Assays assessing cytotoxic activity were conducted using three human cancer cell lines: breast carcinoma (MCF7), cervical carcinoma (SiHa), and colon carcinoma (HCT-15). Cancer cells were cultured in RPMI-1640 medium (Sigma-Aldrich, St. Louis, MO, USA), supplemented with 10% fetal bovine serum (FBS; Sigma-Aldrich, St. Louis, MO, USA), and incubated at 37 °C, 5% atmospheric CO₂, and 100% relative humidity. The cells were treated with crude extract at concentrations of 10 mg/mL, 5 mg/mL, 2 mg/mL, and 1 mg/mL Meanwhile, the fractions C2F28–29 and C3F33 (compounds 1 and 2) were used at concentrations of 100 µg/mL, 50 µg/mL, 10 µg/mL, and 1 µg/mL. The sulforhodamine B (SRB) assay, as described by Vichai and Kirtikara [42], was employed to determine the cytotoxicity of the compounds. Cisplatin (0.5 mg/mL) served as the positive control; the negative controls comprised combined DMSO (0.1%) with Tween 80 (0.0015%) and cells cultured under identical conditions but without any treatment (control). Cells were grown to a density of 1.9 × 10⁴ per well.

4.7. Statistical Analysis

Data are expressed as mean ± standard error mean (SEM). Carrageenan-induced mouse paw edema and cytokine analysis were analyzed by using one-way ANOVA followed by Dunnett’s post hoc test. Differences were considered significative at p ≤ 0.05.

5. Conclusions

Interestingly, the initially expected compounds were not found in the anticipated fraction (FA12–15). Instead, a previously unreported mixture of compounds 1 and 2 was isolated and structurally characterized. To the best of our knowledge, these compounds have not been previously identified in L. racemosa, making this a novel contribution to the phytochemistry of the species.

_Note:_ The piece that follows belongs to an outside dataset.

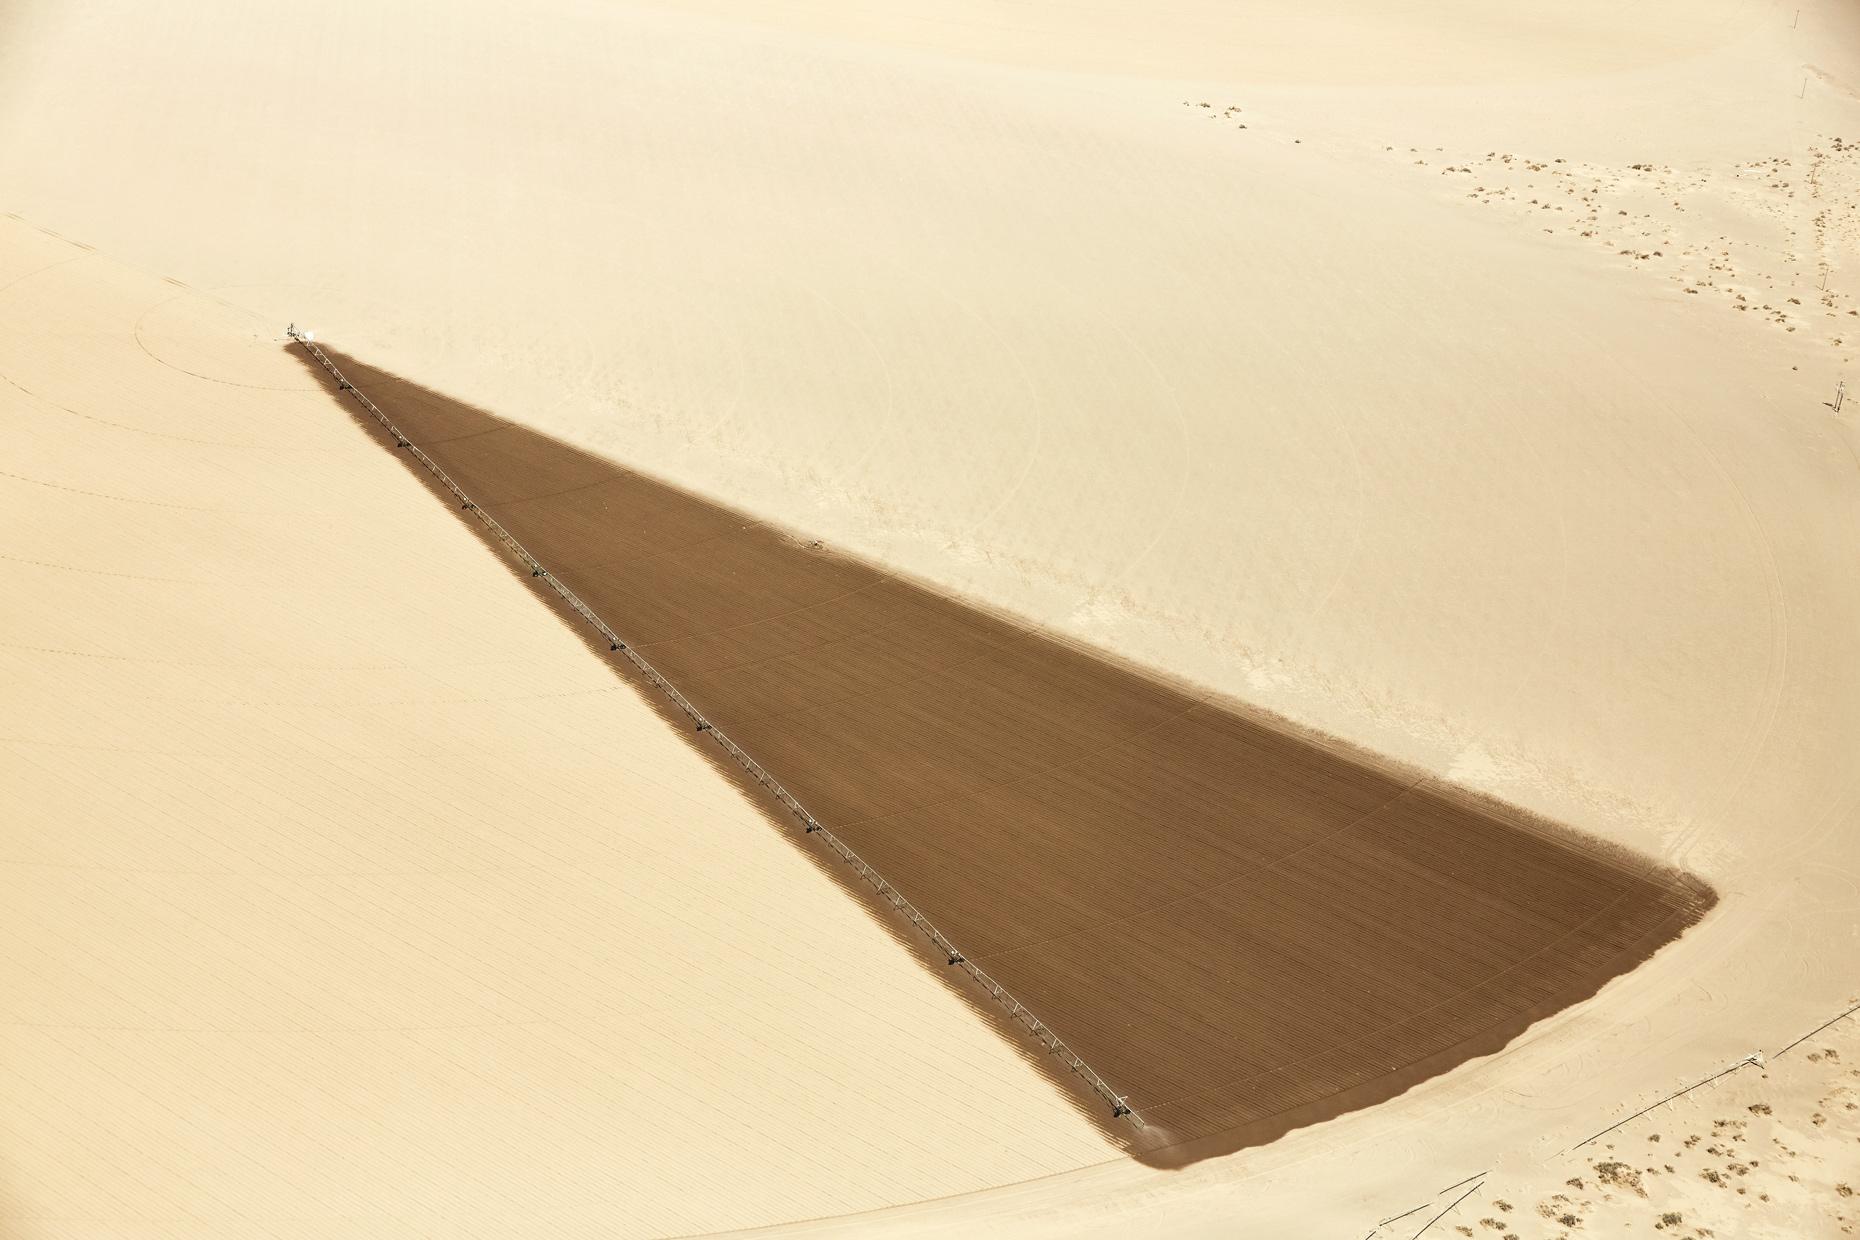 Aerial Photography Derek Israelsen Slice of Pie
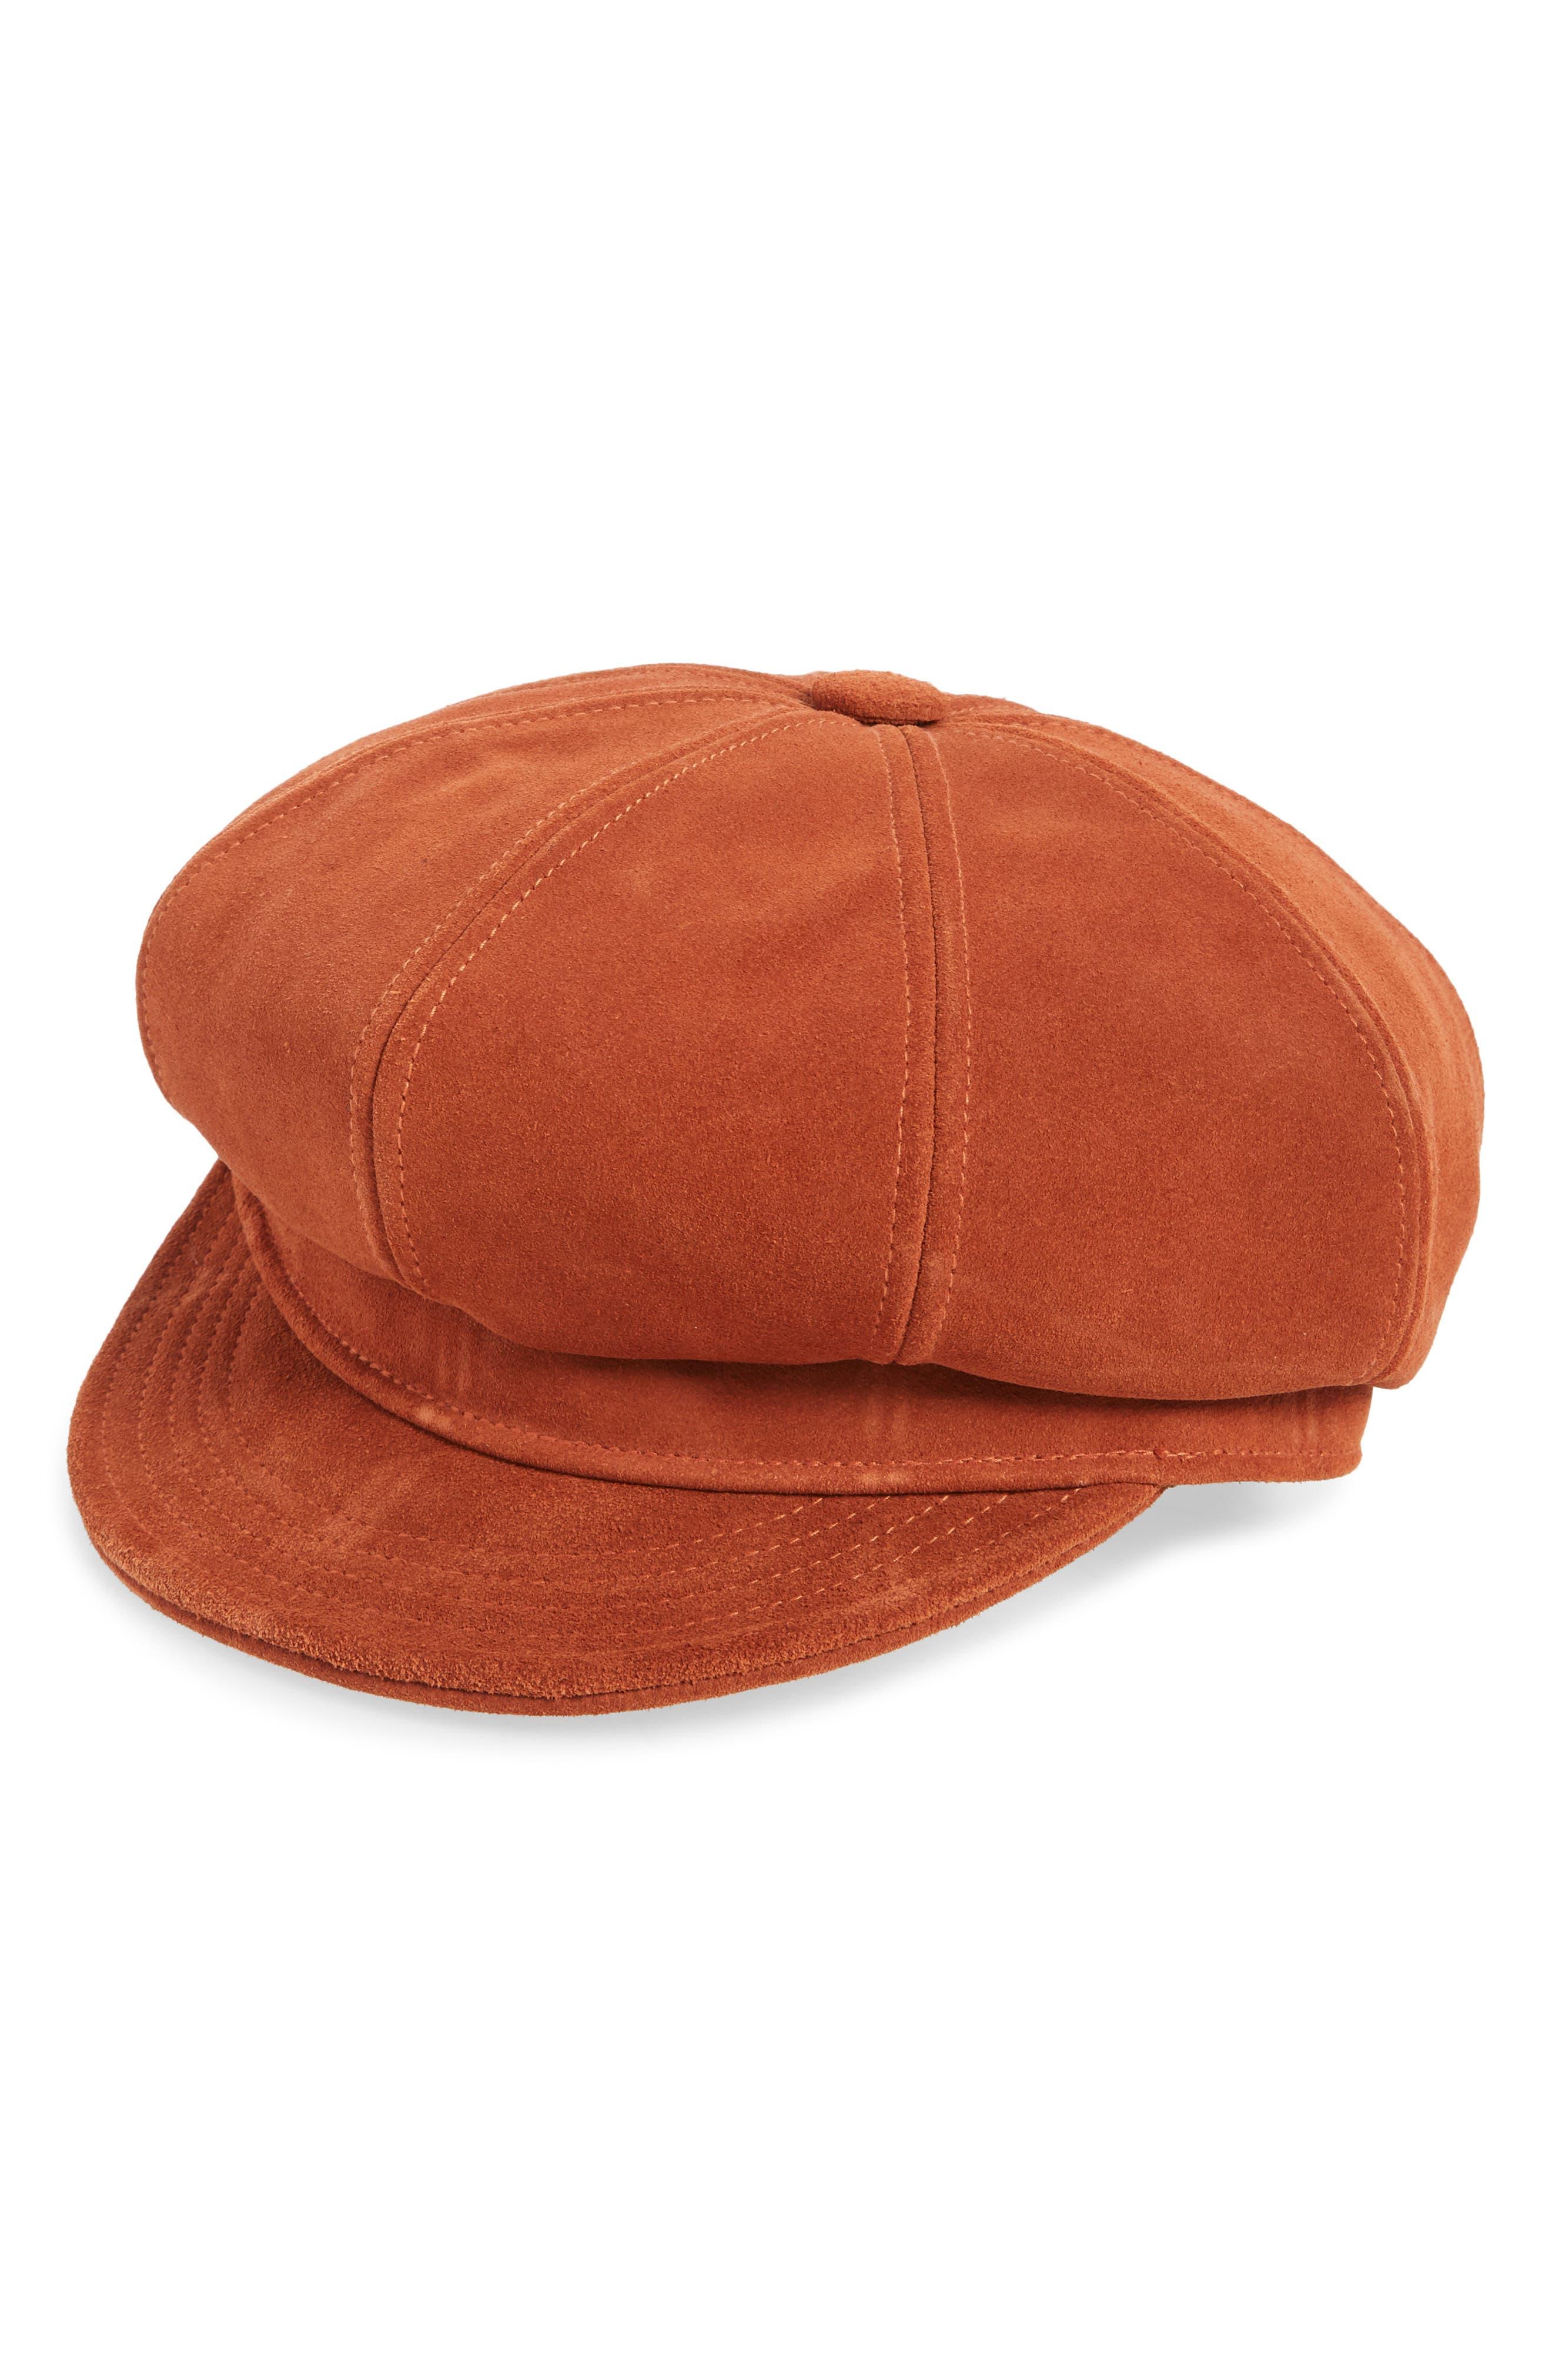 . Auburn Newsboy Cap

This study demonstrates that the crude extract of the transformed LRTC3.1 cell line exhibits potent anti-inflammatory activity, comparable to, and in some aspects surpassing, that of commercial drugs such as meloxicam, as indicated by the reduction in TNF-α and the increase in IL-10. In terms of cytotoxicity, fractions C2F28–29 and C3F33 (compounds 1 and 2) displayed selective activity against MCF7 breast carcinoma and SiHa cervical carcinoma cells. Furthermore, the LRTC3.1 cell line has remained stably transformed for over nine years and now exhibits a distinct phytochemical profile, notably characterized by increased levels of 3-O-[(E)-feruloyl]-maslinic acid (1) and 3-O-[(E)-feruloyl]-corosolic acid (2).

These findings highlight the biotechnological potential of LRTC3.1 as a long-term producer of bioactive metabolites. Future studies should aim to optimize the production of these compounds through the use of elicitors and to fully characterize the bioactive components in fractions C2F28–29 and other active fractions. Additionally, in vivo studies are needed to validate both the anti-inflammatory and cytotoxic effects observed in vitro, and to elucidate the underlying mechanisms of action.